### Problem description:
The reply should hold every line of the data below, unchanged, and none of the pictures.

### Stored data:
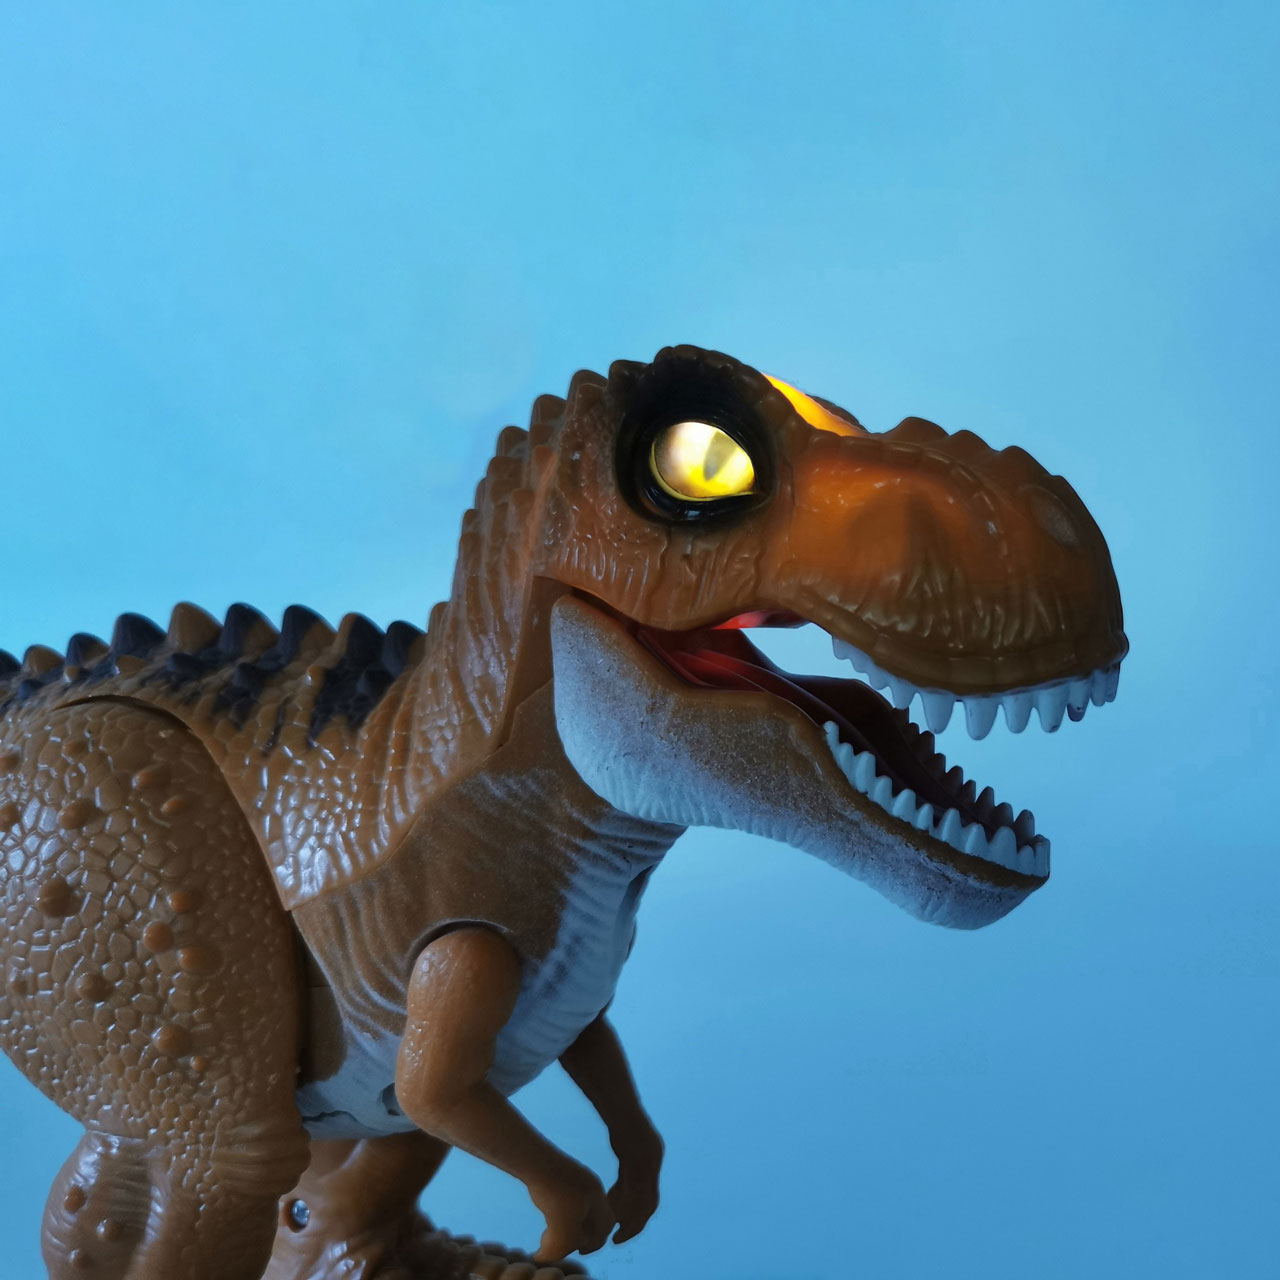 ラジコンの恐竜ロボット「RCディノ」目が光る ティラノサウルスに抜け目がございません。夜でも捕食します〜
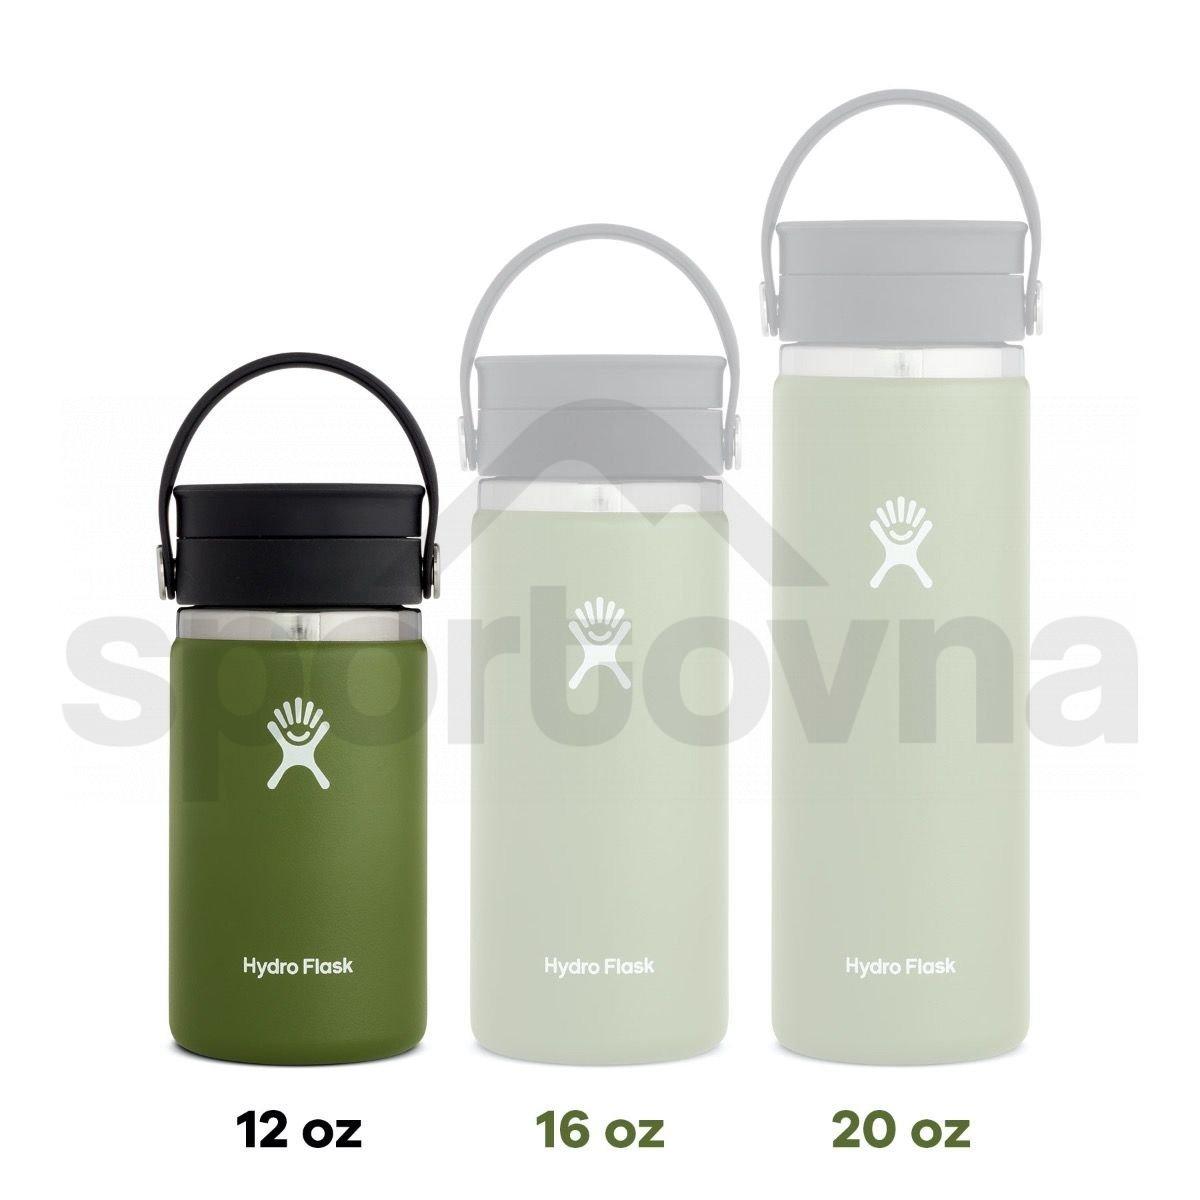 Termohrnek Hydro Flask Coffee Wide Mouth Flex Sip Lid 12 oz - bílá
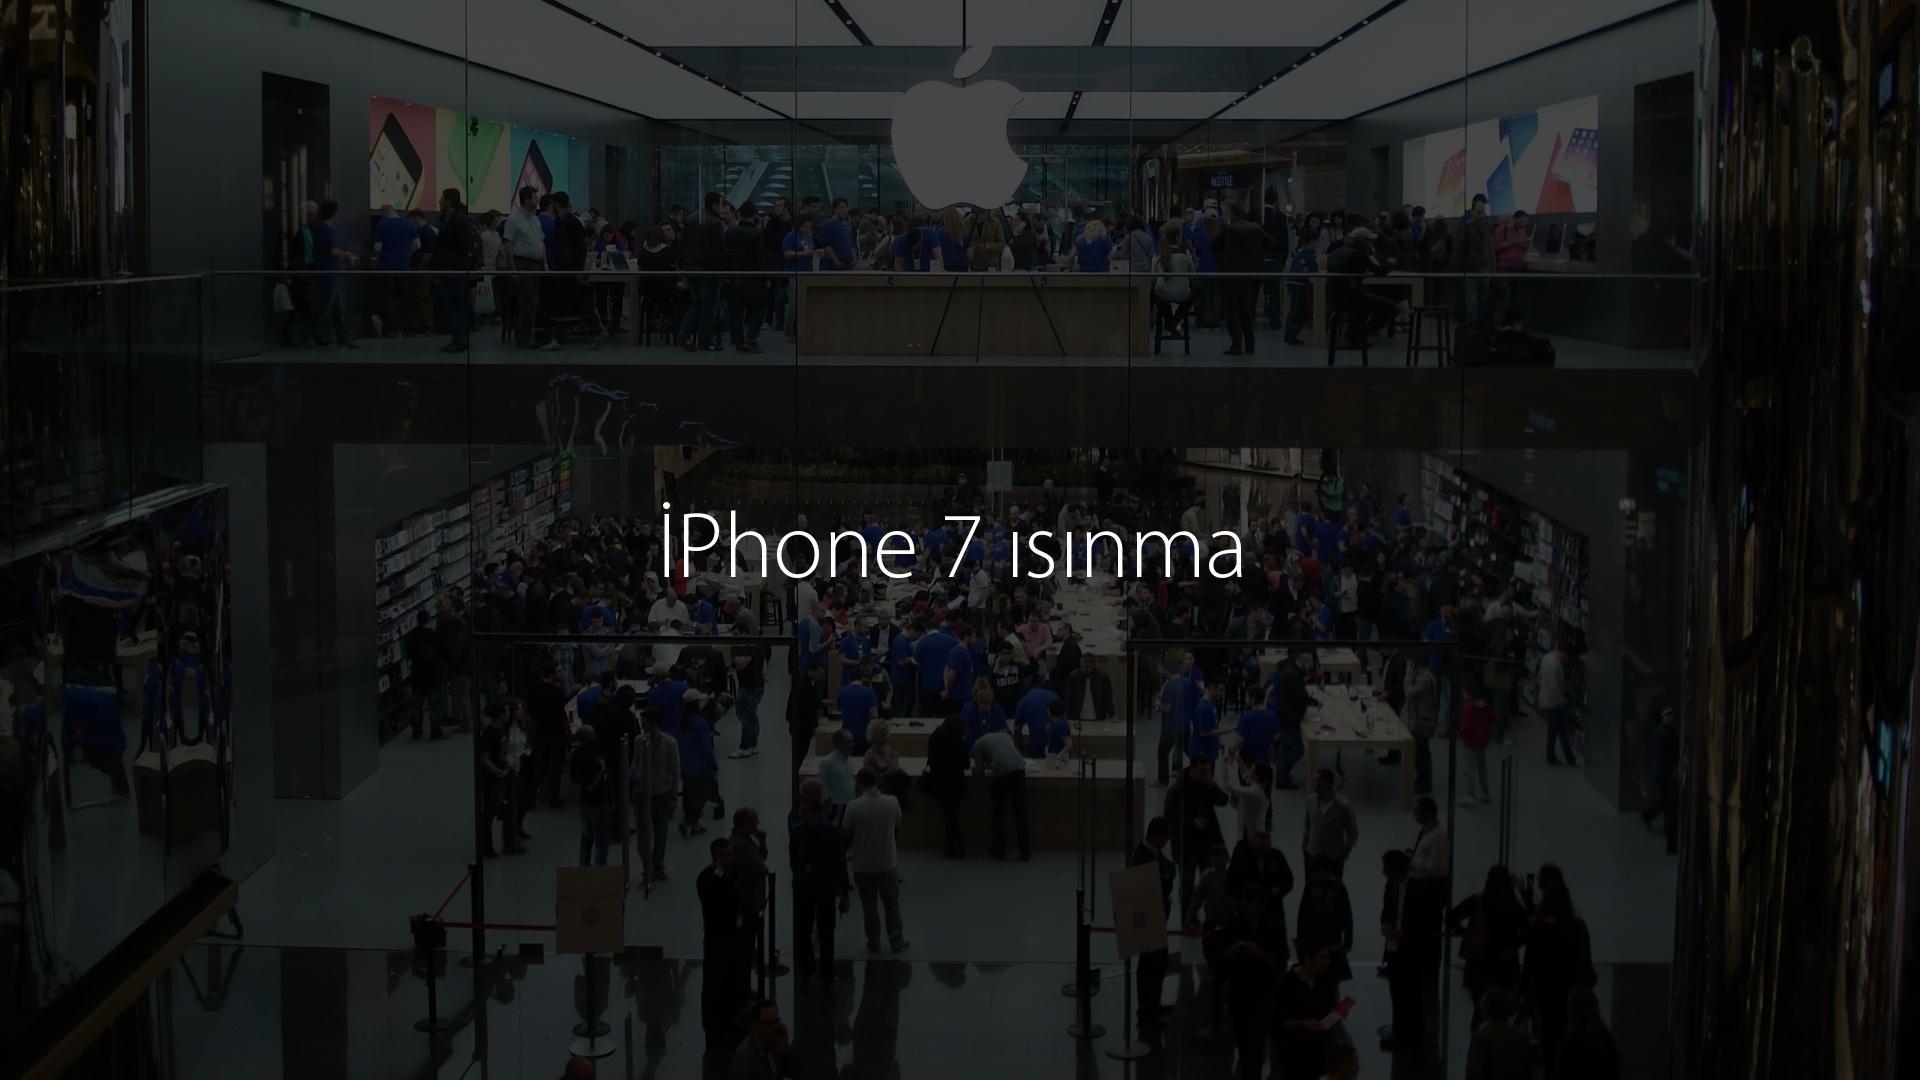 İPhone 7 ısınma
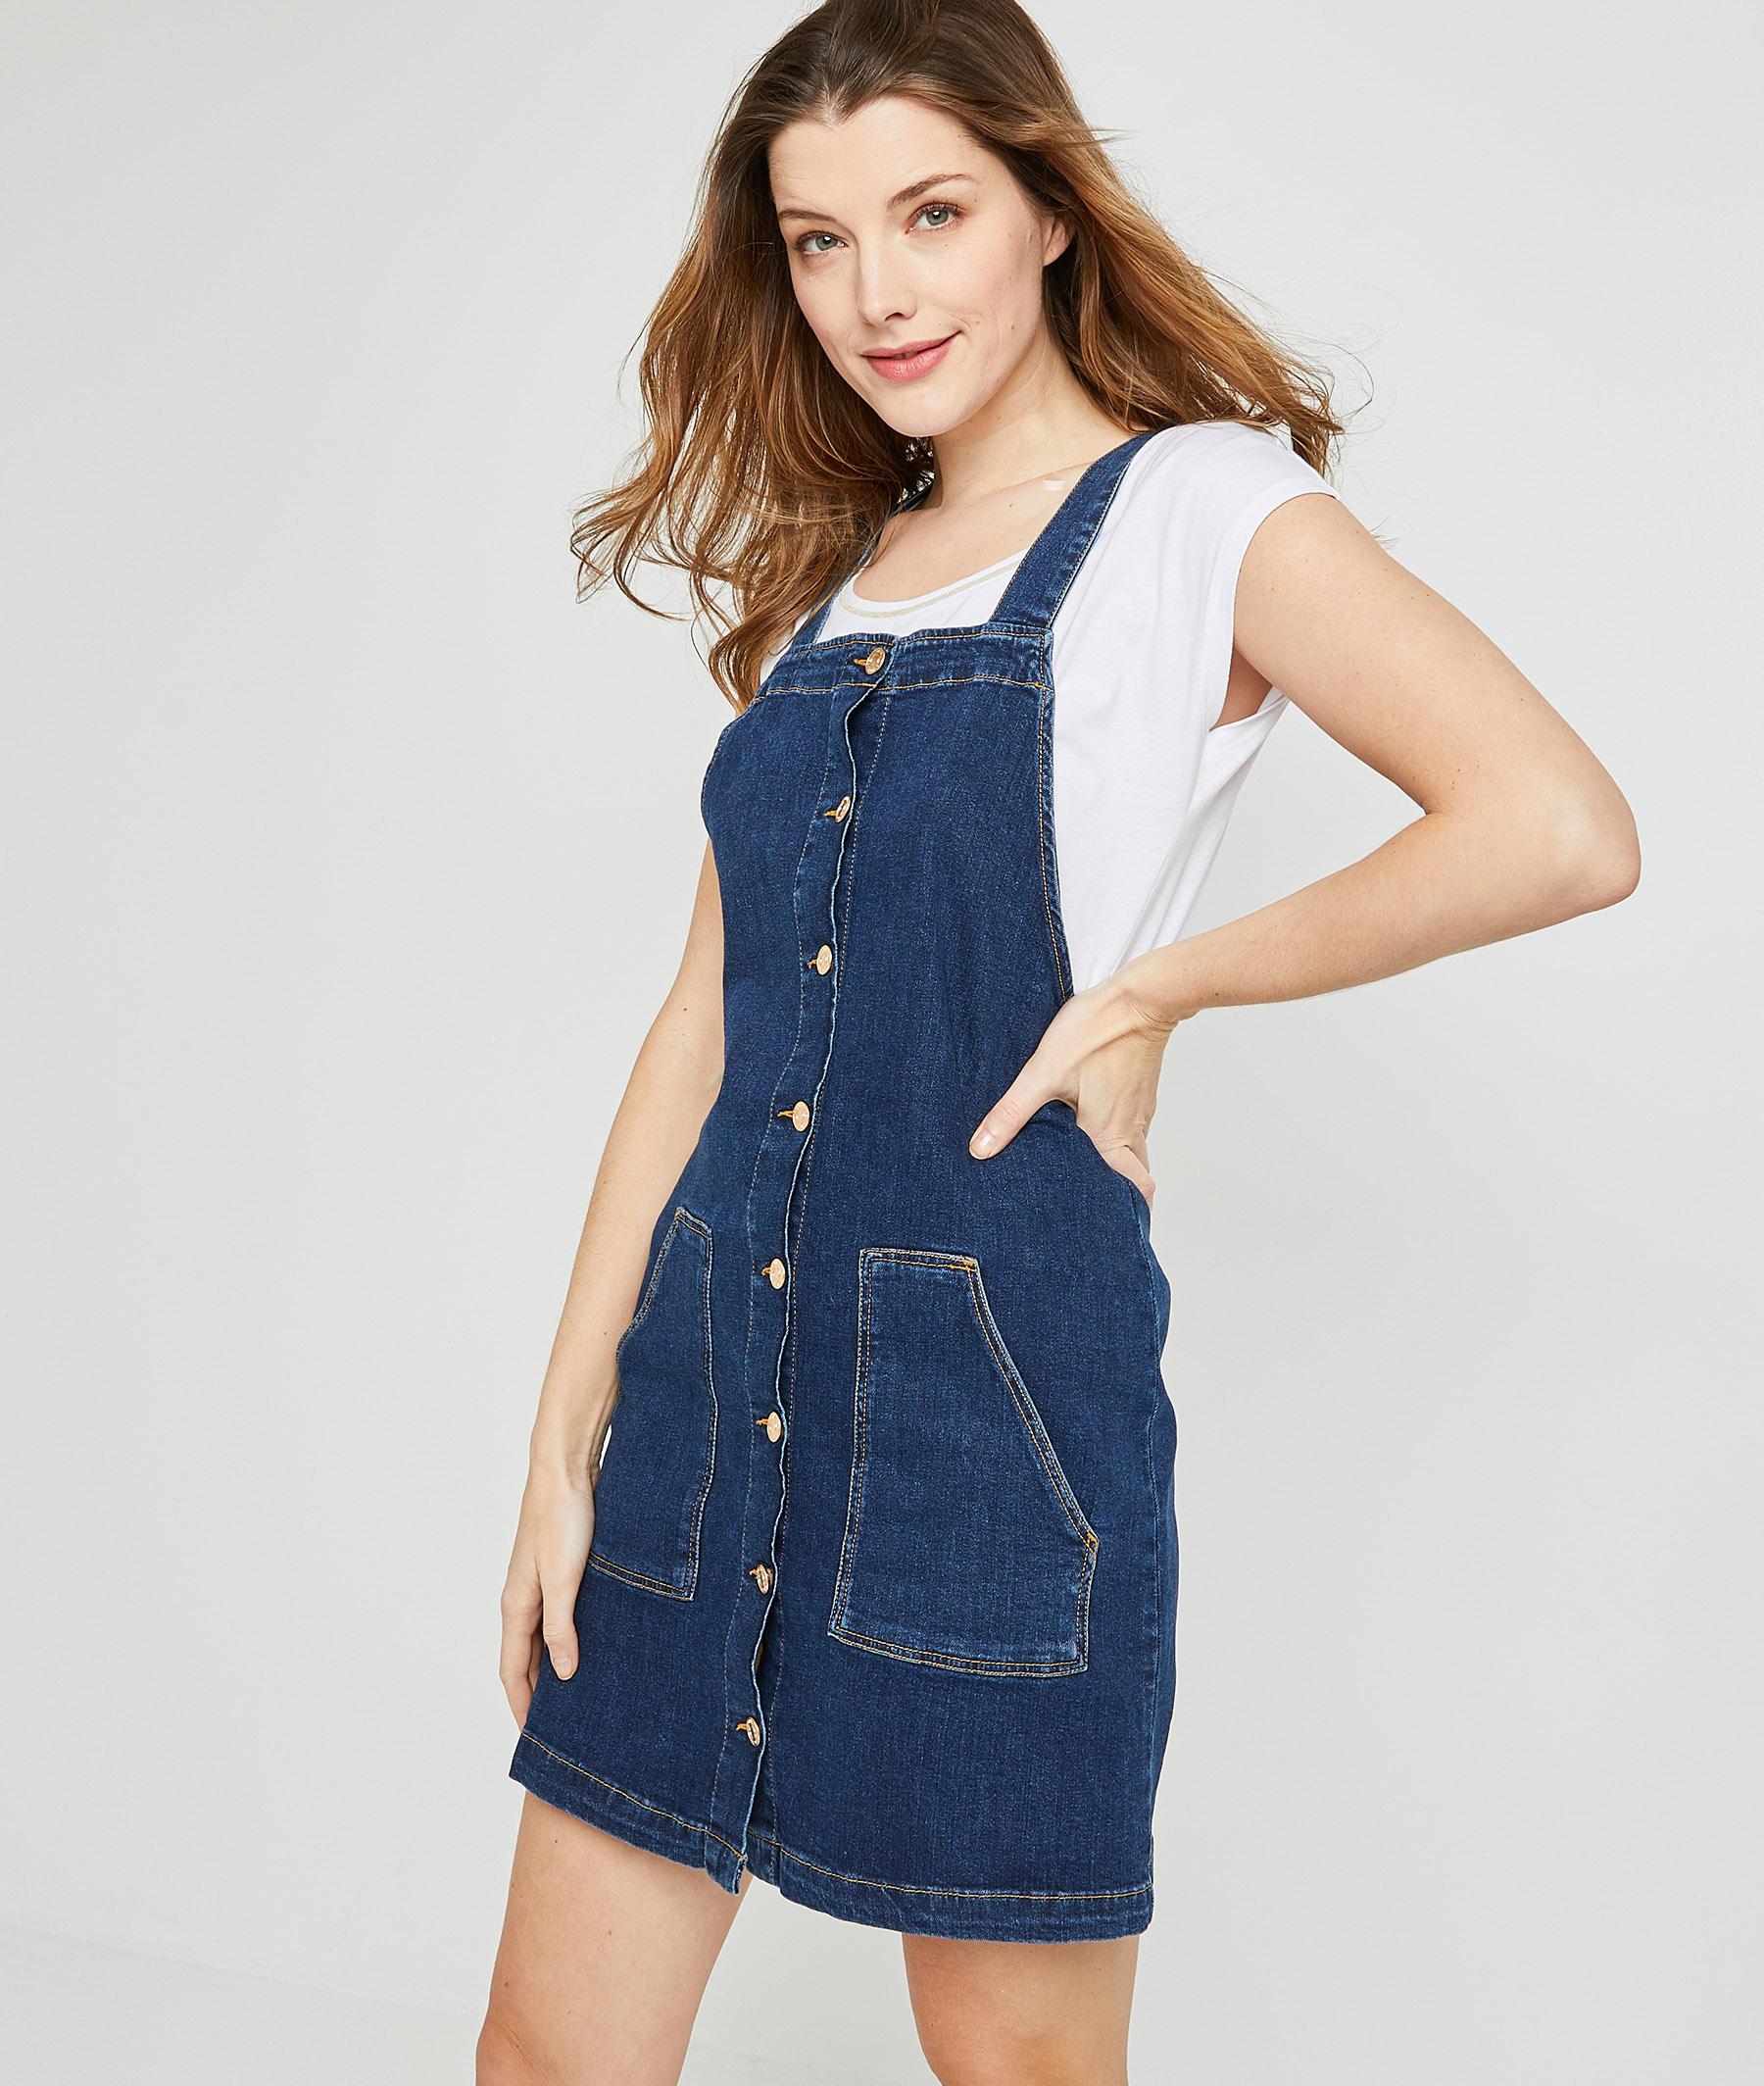 Robe chasuble en jean femme BRUT

### Response to this exercise:
 ラジコンの恐竜ロボット「RCディノ」目が光る ティラノサウルスに抜け目がございません。夜でも捕食します〜
 Termohrnek Hydro Flask Coffee Wide Mouth Flex Sip Lid 12 oz - bílá
 İPhone 7 ısınma
 Robe chasuble en jean femme BRUT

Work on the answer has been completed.